There were several key presentations from various funding
agencies including BARDA, NIH, IMI and the Wellcome Trust. With the exception of the Trust, it was
abundantly clear to everyone that without additional funding, the efforts of
these agencies to go beyond their current funding levels or even to maintain
them will be threatened. The funding
from these agencies goes to everything from early discovery all the way through
phase III clinical development and has been very important for academia and
both small and large pharma in the pursuit of new antibiotics. Any diminution or even an inability to expand these efforts would be a terrible tragedy.
Several non-antibiotic approaches were discussed including
antibodies, peptides and virulence. Some
are being examined for prevention while others are thought of as adjunctive
therapy. All of these approaches will
mean superiority trials. How to set control levels of response within these
trials then became a topic of conversation.
More later.
Diagnostics, both rapid and not, were discussed by FDA. On
the more usual antimicrobial susceptibility testing devices, it is clear that
the delays in availability of these devices after antibiotic launch is not
being well addressed by FDA. Until this
occurs, the delays will continue to impede acceptance of new antibiotics by
end users – not a good state of affairs with continuing increases in resistant
infections.This will require some sort of preliminary breakpoint from FDA that would allow device manufacturers to begin their process prior to approval. Everyone will have to work at risk. Will this ever occur???
Stava Epstein gave a wonderful and elegant talk on the iCHIP.
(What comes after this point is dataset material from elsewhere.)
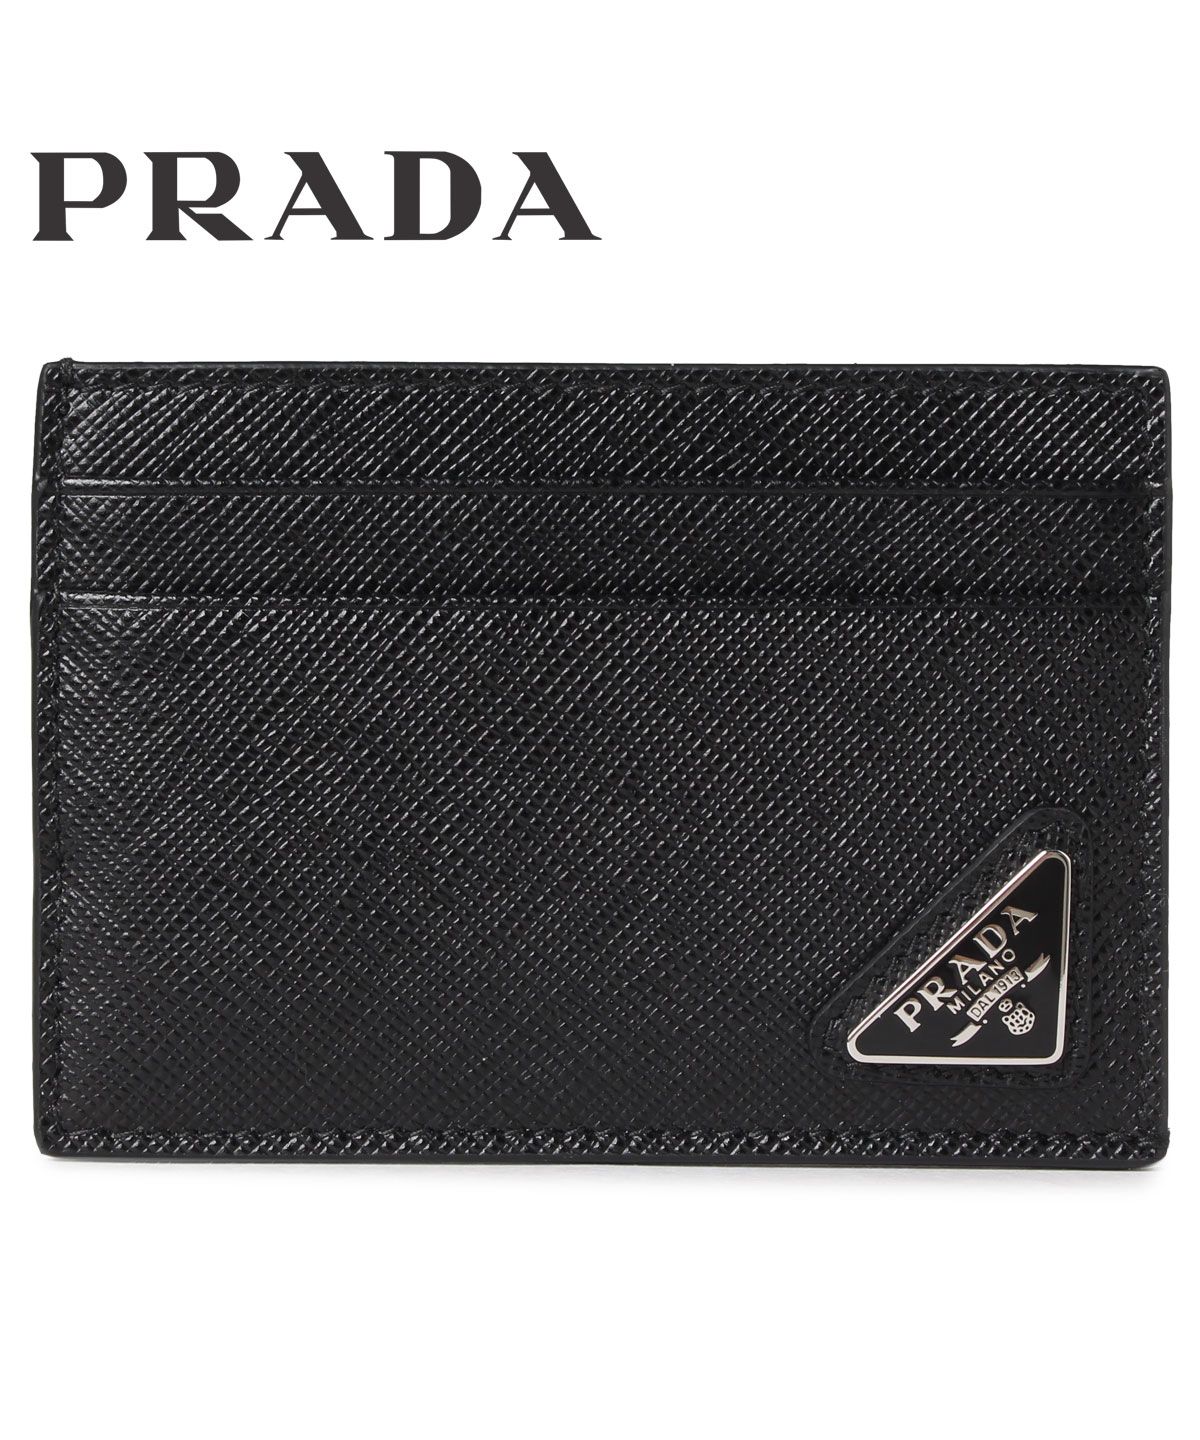 プラダ PRADA パスケース カードケース ID 定期入れ メンズ

There was nothing really new in his talk, but it was exciting to hear him speak
about this wonderful new technology that may revolutionize the way we look for
new drugs.
Dr. Sumathi Nambiar provided a discussion on the QDIP
designation and on market authorization for products to treat resistant
infections. In the latter portion of her
talk, she admitted that the FDA remains somewhat lost on how to proceed in
pathogen specific trials. She noted that the FDA prefers a hybrid approach with
non-inferiority trials plus some additional data on activity against resistant
infections.
Later, Dr. Nambiar was roped (my fault) into a panel
discussion where the topic of an orphan drug designation for such unmet needs
antibiotics was raised. As I discussed in a previous blog,
the orphan drugs group is still back in the 1990s of antibiotic
development. They only think in terms of
broad clinical indications like urinary tract infection, pneumonia, etc. In
this thinking, the affected populations are much too large to be considered for
orphan drug status (200,000 individuals or less in the US). But a pathogen
specific indication where the drug is indicated only for those with few or no
alternatives (4500-7500 per year in the US for carbapenem-resistant
Enterobacteriaceae for example) has not been considered even though this is
addressed by the unmet needs guidance both in the EU and in the US. As a result
of this discussion, Dr Nambiar agreed to raise this issue with her FDA
colleagues. We await, once again,
further developments.
Finally, the economics of the antibiotic markets was
broached by Kevin Outterson and Barrett Thornhill. The proposals for so-called de-linking, where there would be an attempt by governments to provide a guaranteed return on investment for companies pursuing antibiotics for resistant pathogens seem to
be in limbo in the US since we have no congress. In Europe there is hope that such an approach
will bear fruit – but whether that will occur soon or with the usual tectonic
EU speed is hard to predict. The precise method of implementation of such payments also remains nebulous. These
discussions reminded everyone that, at the end of the day, to progress, we need
money. And, especially in the US
congress, that remains a dirty word.